EXERCISE BRIEF → In this exercise, the entries below include pictures. Repeat exactly the lines from the line with "Kurdish rug, north" to the line with "Transport in sharing Songadh to Dergaon", including both, but without the pictures.

EXERCISE MATERIAL →

—————

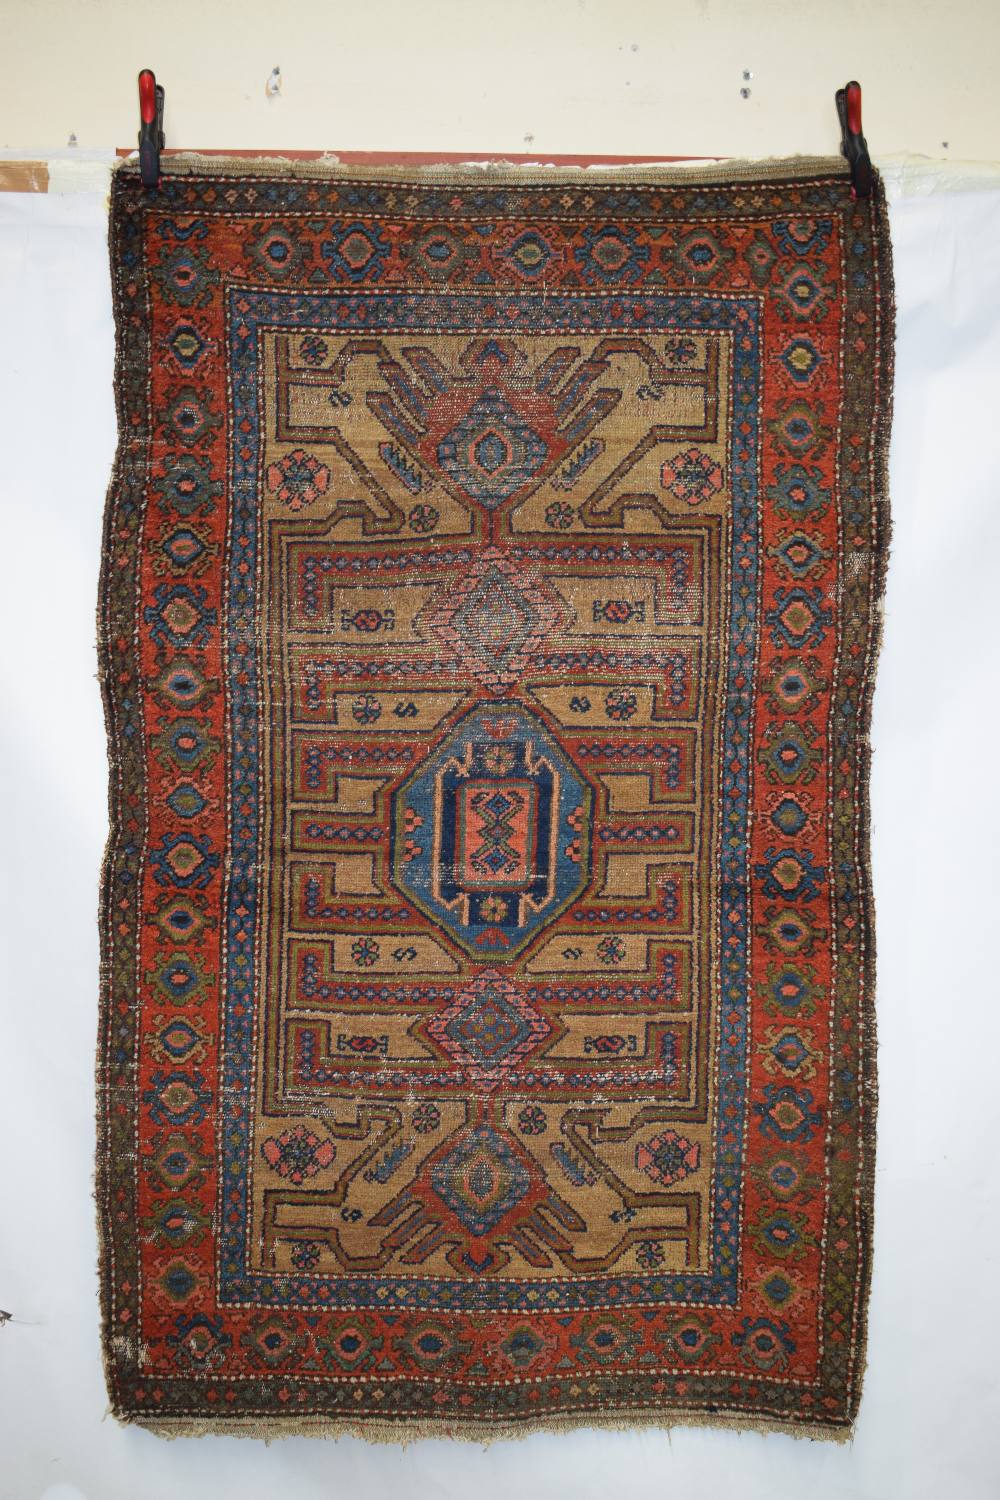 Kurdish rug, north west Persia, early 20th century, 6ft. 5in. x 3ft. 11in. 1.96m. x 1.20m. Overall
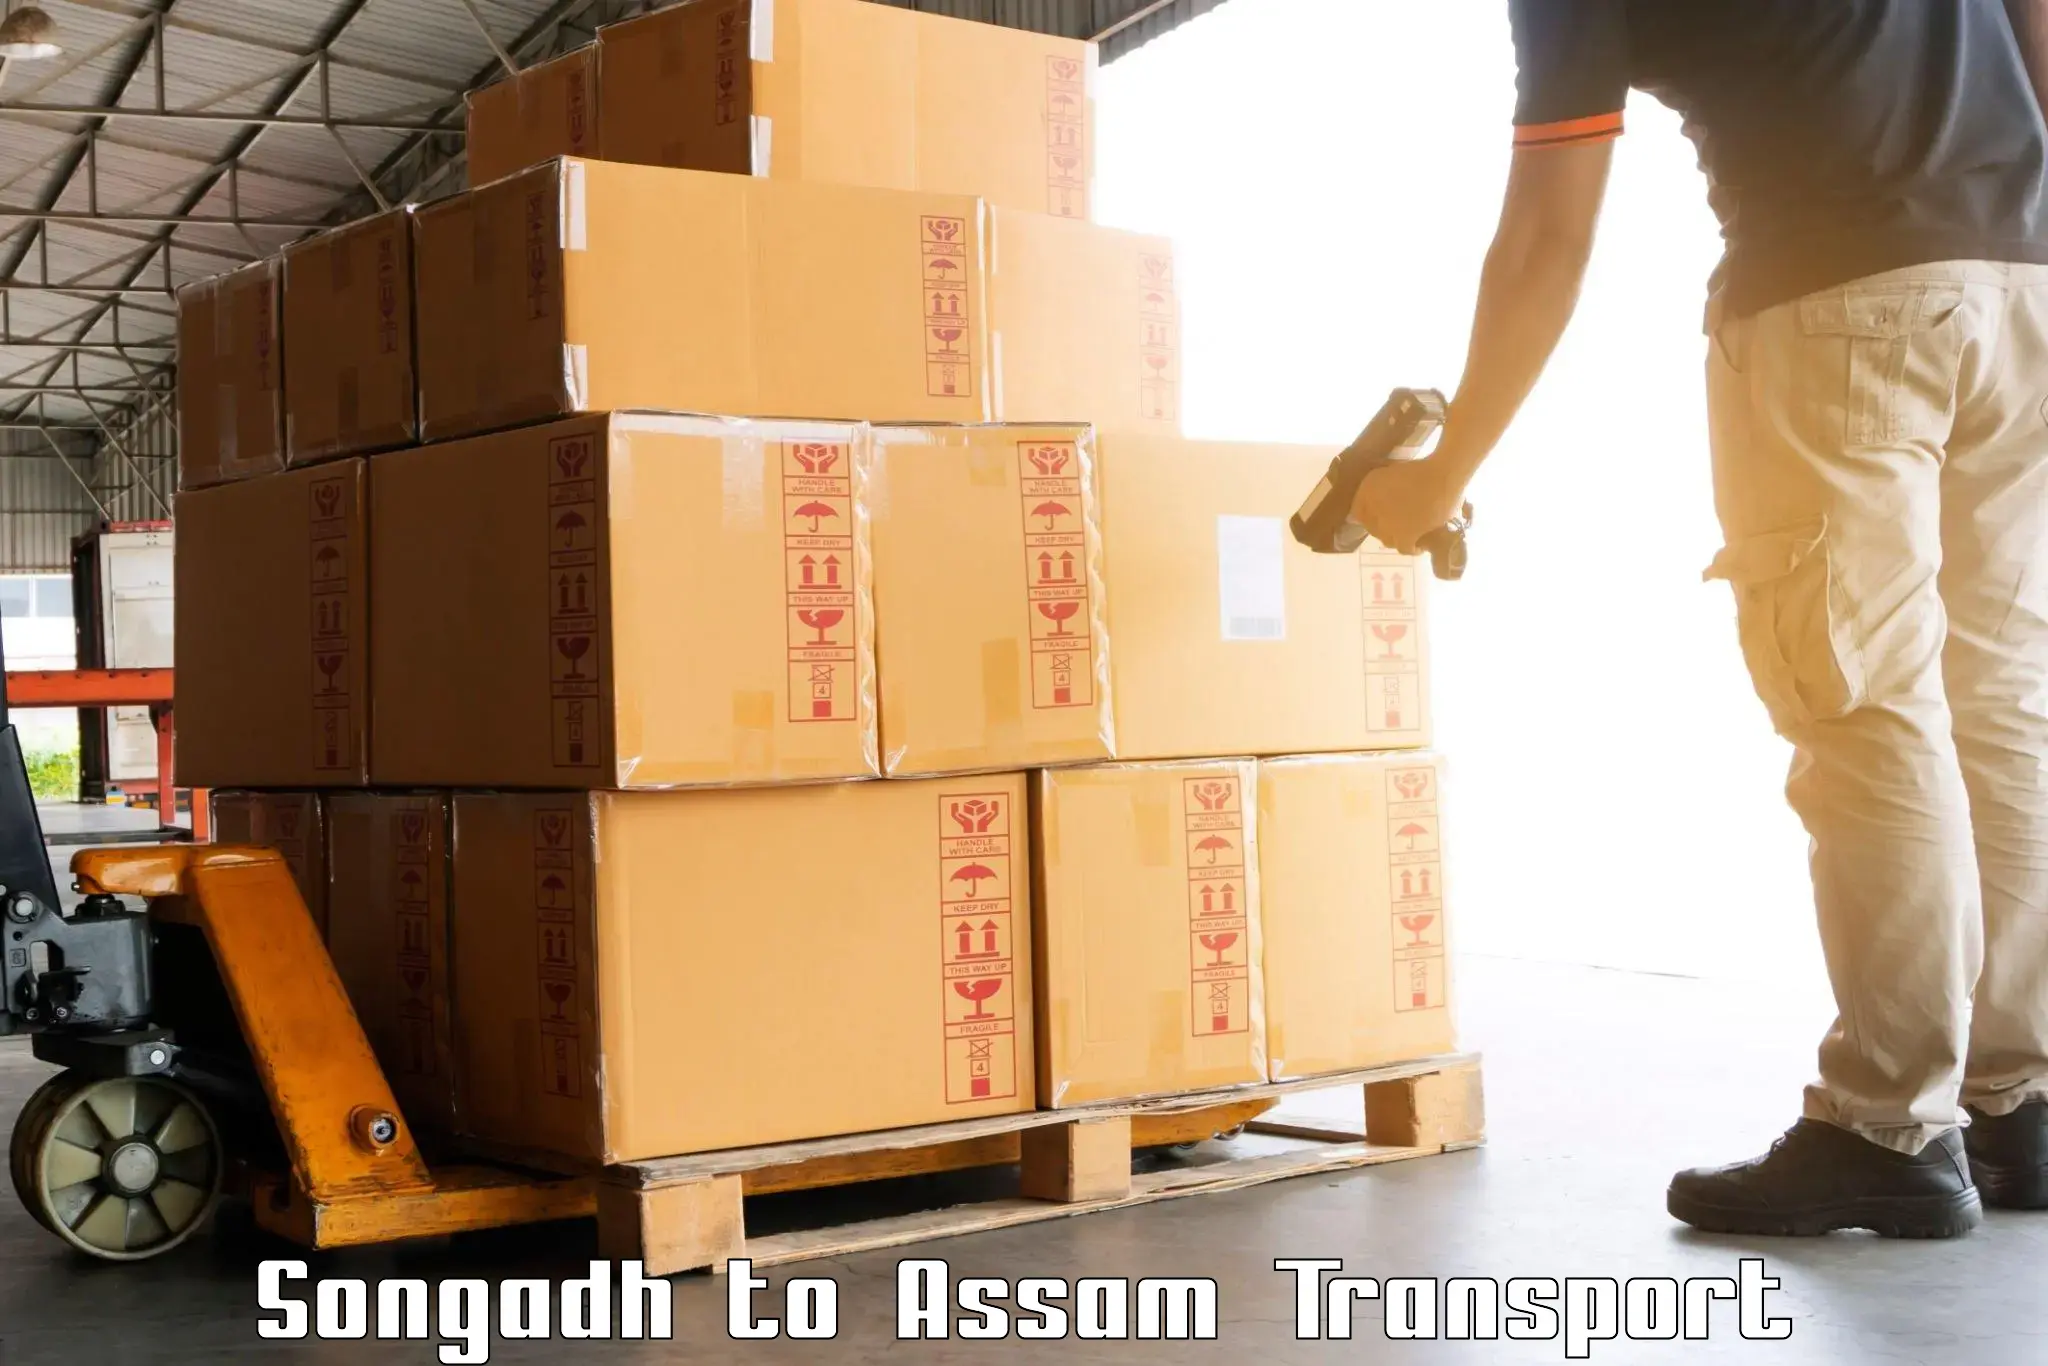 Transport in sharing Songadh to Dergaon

—————

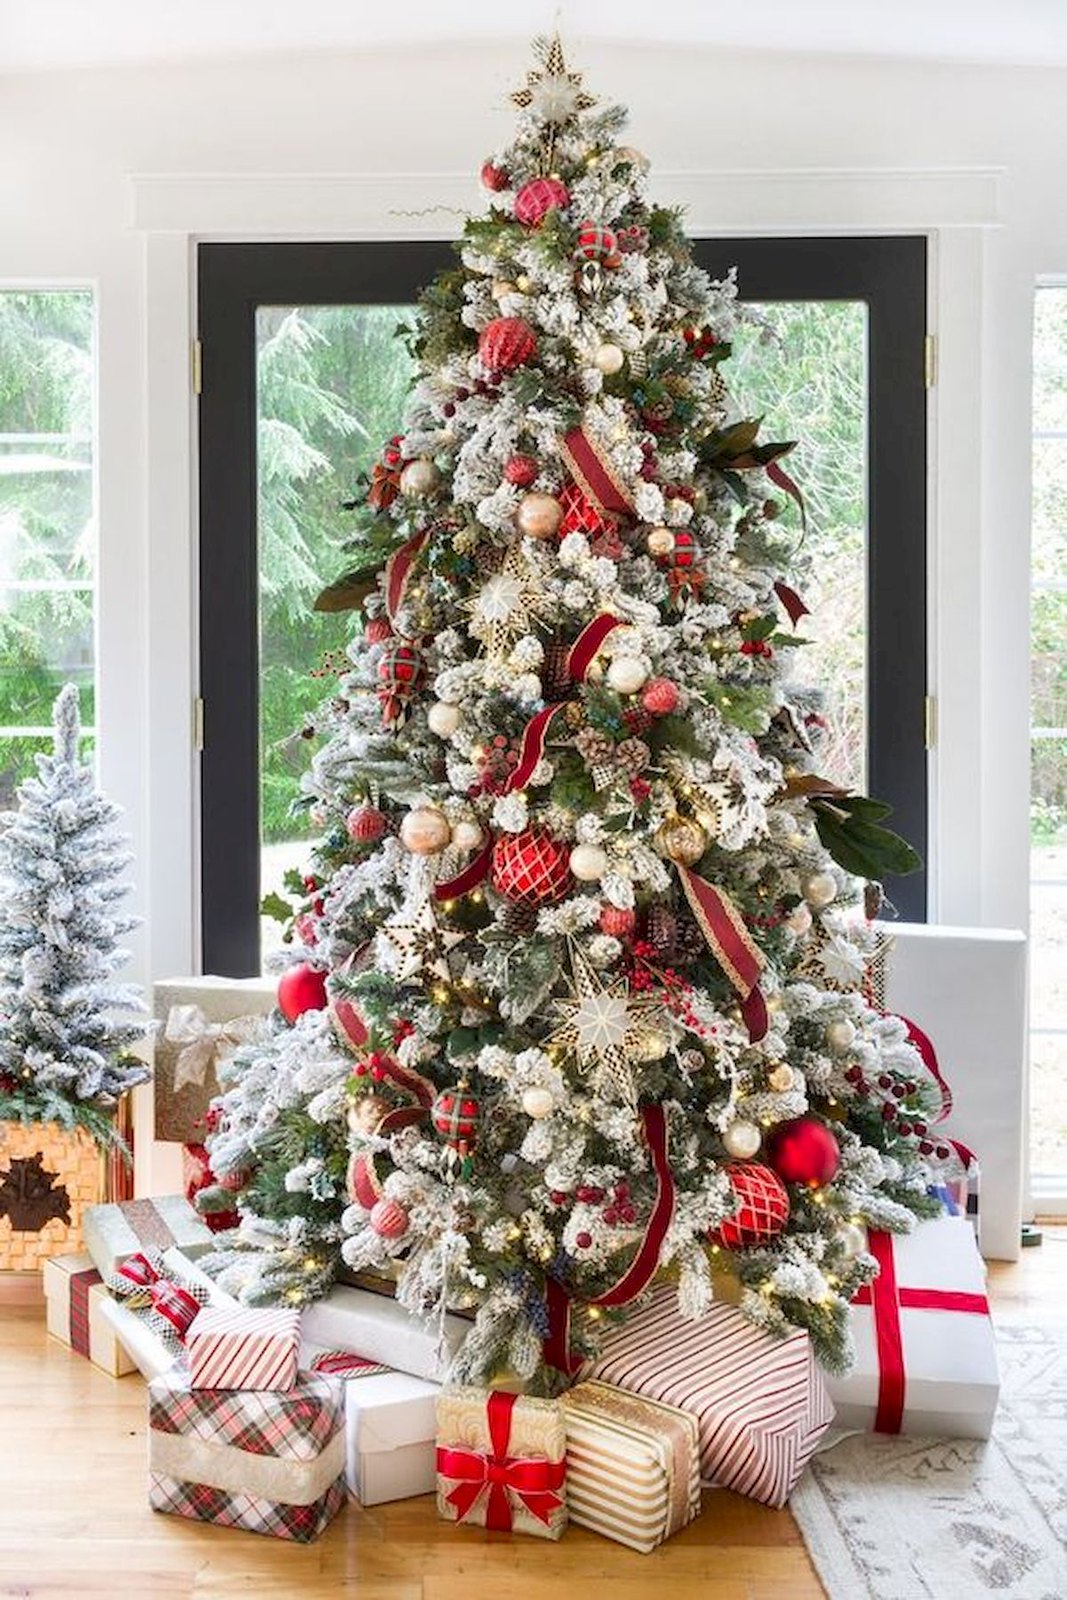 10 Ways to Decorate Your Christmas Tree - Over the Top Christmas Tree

—————

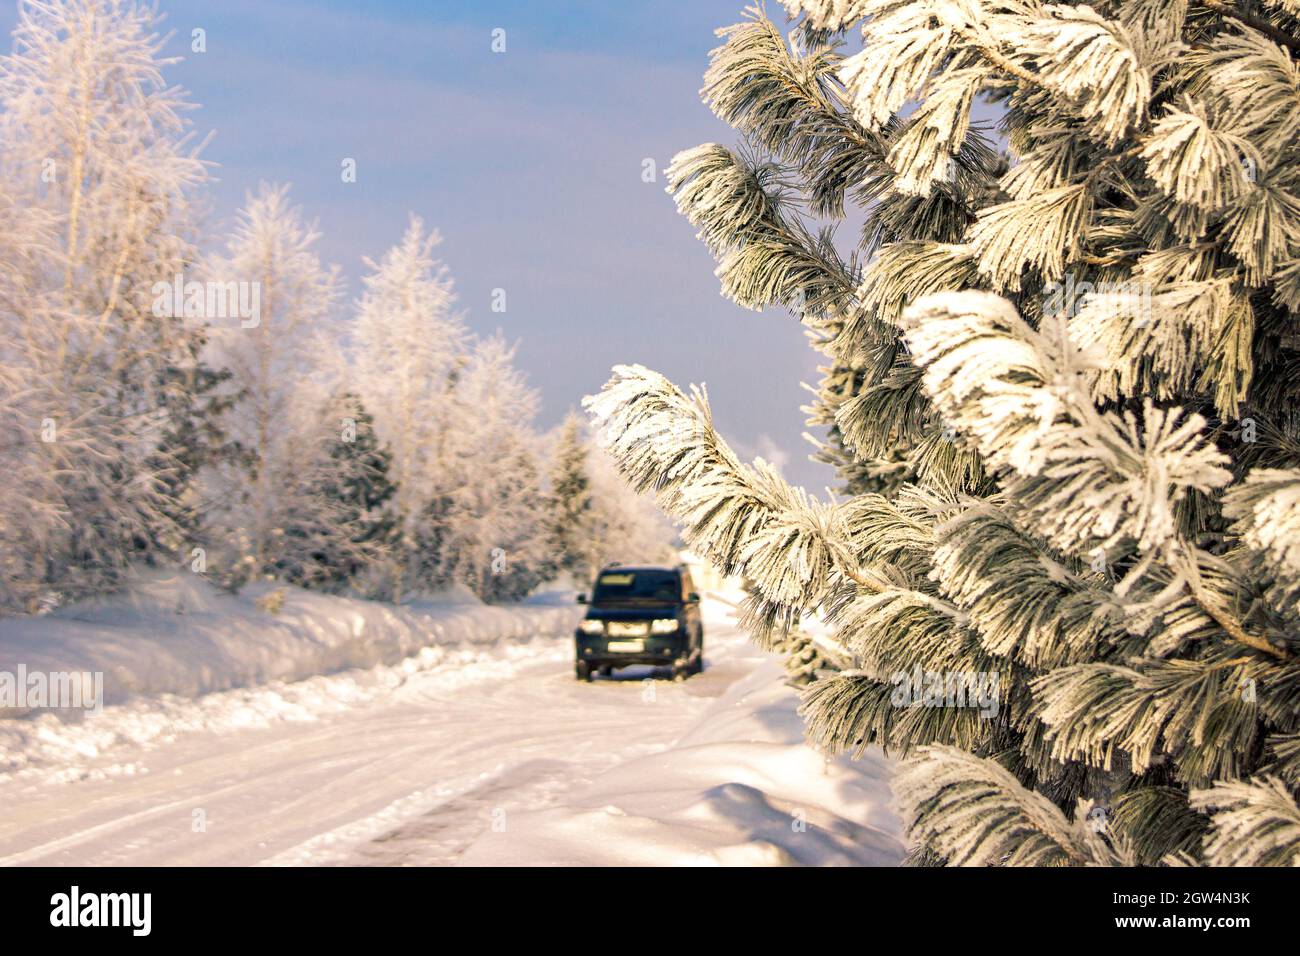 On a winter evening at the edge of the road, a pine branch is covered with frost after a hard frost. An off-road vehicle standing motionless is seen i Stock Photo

—————

THE ANSWER →
 Kurdish rug, north west Persia, early 20th century, 6ft. 5in. x 3ft. 11in. 1.96m. x 1.20m. Overall
 Transport in sharing Songadh to Dergaon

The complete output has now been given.